▶ _HOW TO COMPLETE THIS TASK_:
Please return the listing below exactly, without any of its pictures.

▶ _INPUT DATA_:
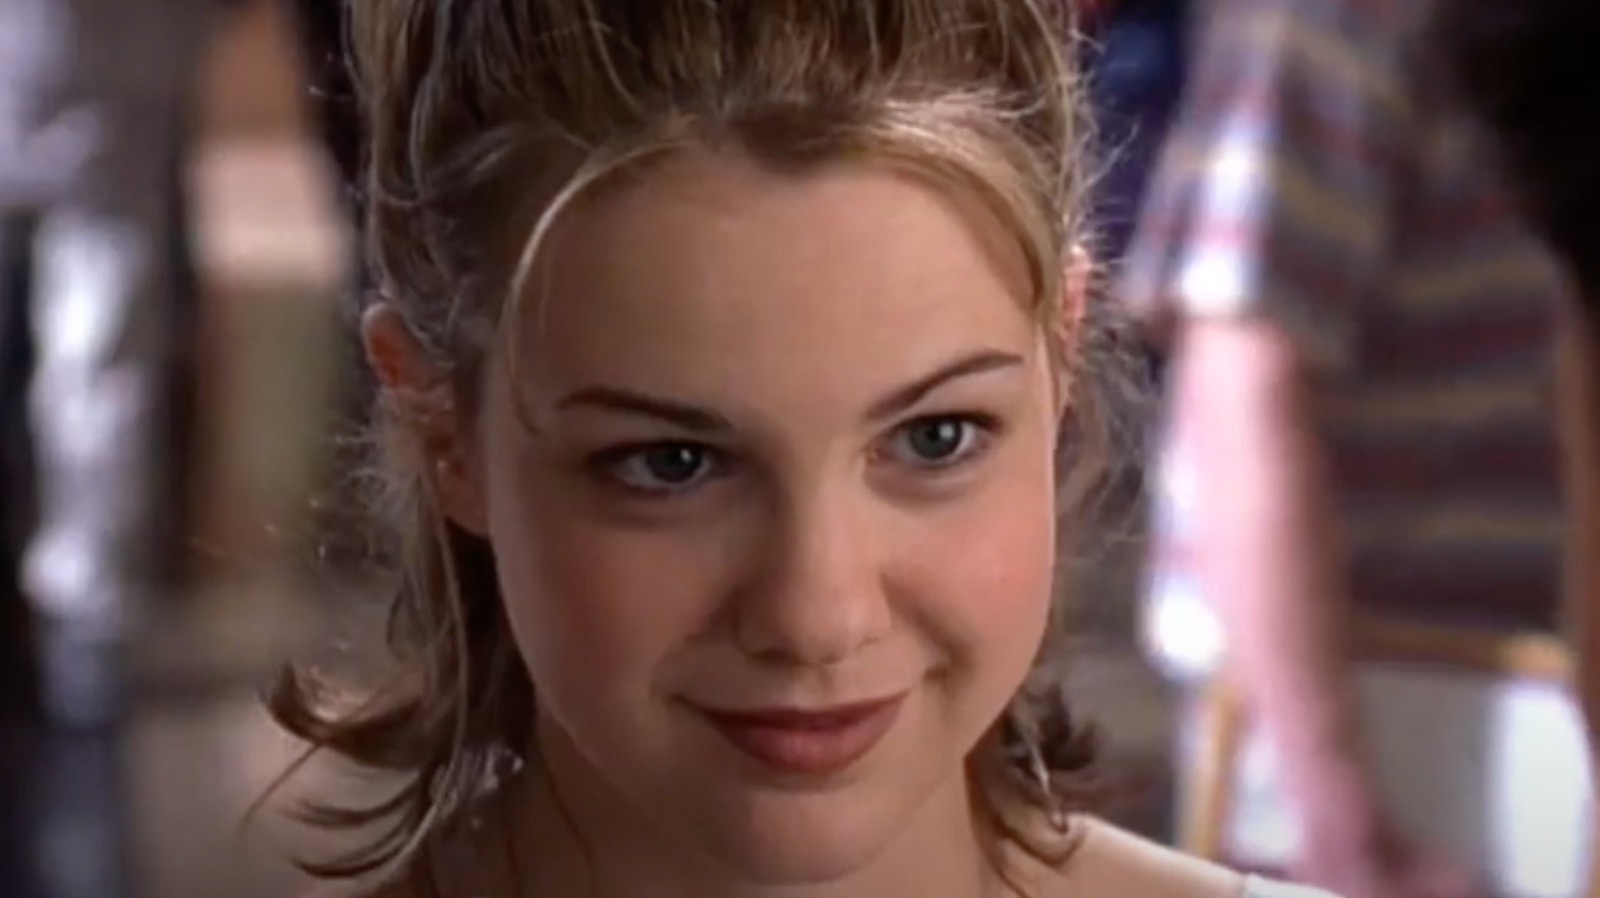 What Happened To The Actress Who Plays Bianca In 10 Things I Hate About You...
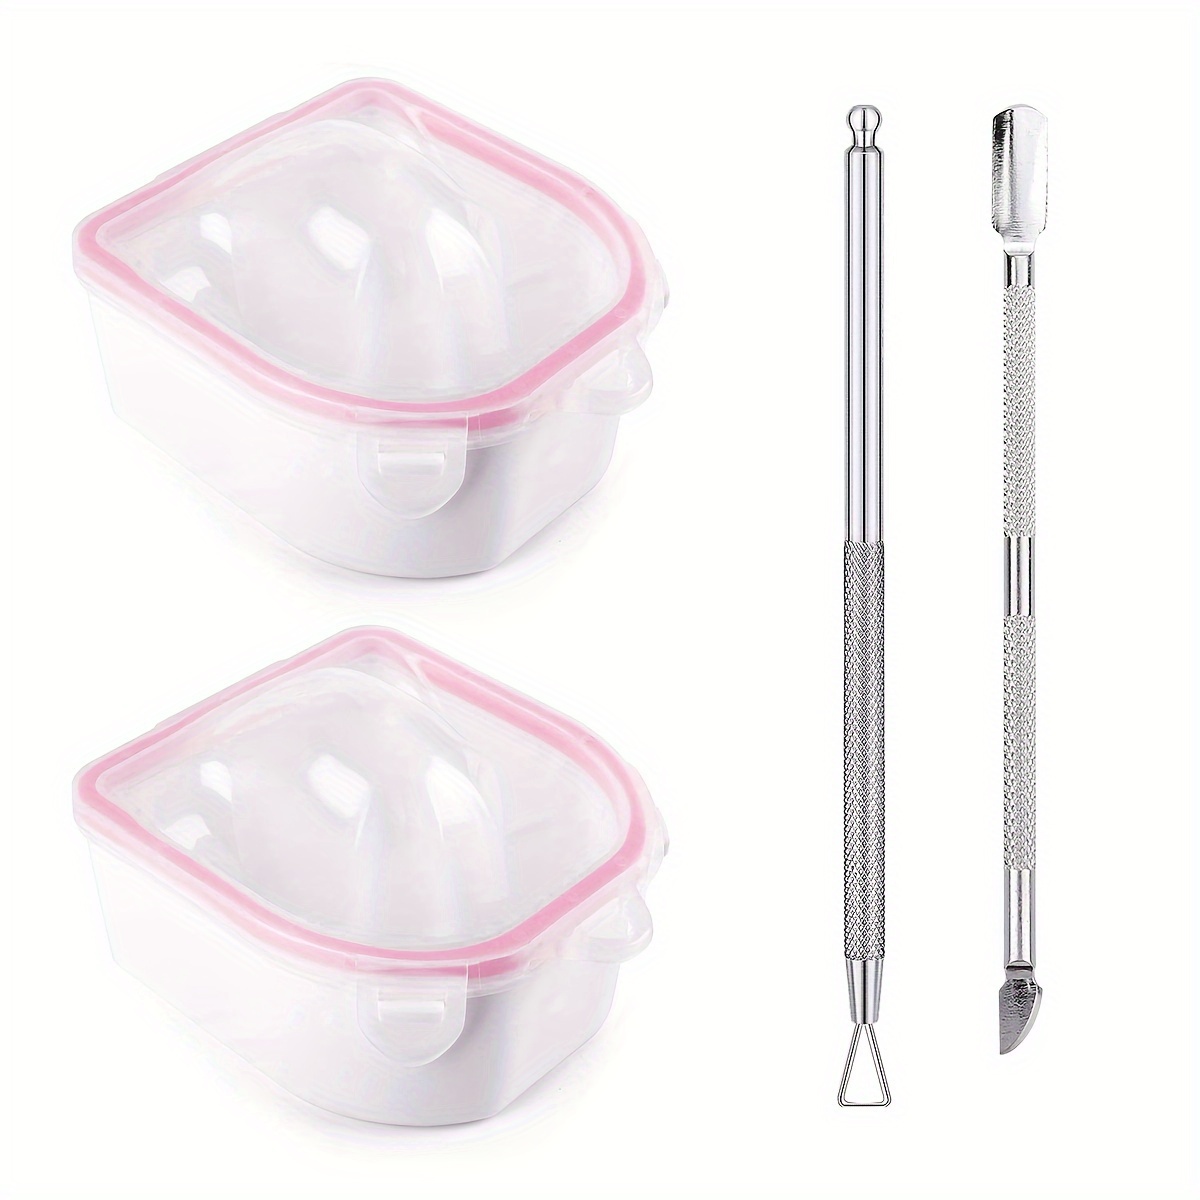 

Nail Soaking Bowl, 2pcs Soak Off Acrylic Nail Art Powder Gel Polish Remover Bowl With Triangle Cuticle Peeler And Stainless Steel Cuticle Pusher, Soaker Tray Manicure Set Spa Tool
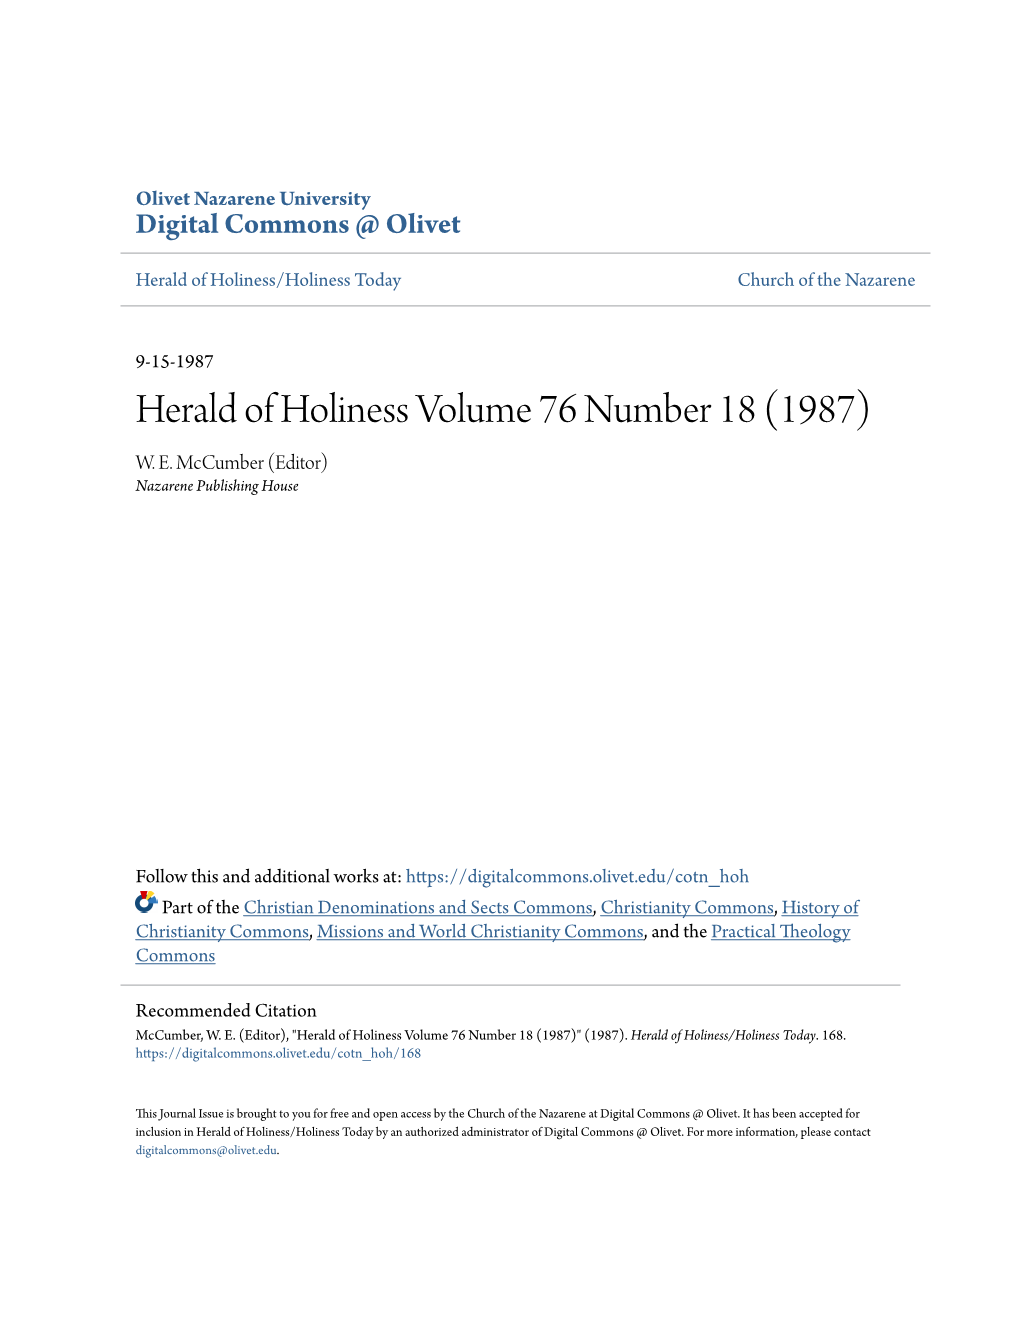 Herald of Holiness Volume 76 Number 18 (1987) W

▶ _RESPONSE AREA_:
 What Happened To The Actress Who Plays Bianca In 10 Things I Hate About You...

Nail Soaking Bowl, 2pcs Soak Off Acrylic Nail Art Powder Gel Polish Remover Bowl With Triangle Cuticle Peeler And Stainless Steel Cuticle Pusher, Soaker Tray Manicure Set Spa Tool
 Herald of Holiness Volume 76 Number 18 (1987) W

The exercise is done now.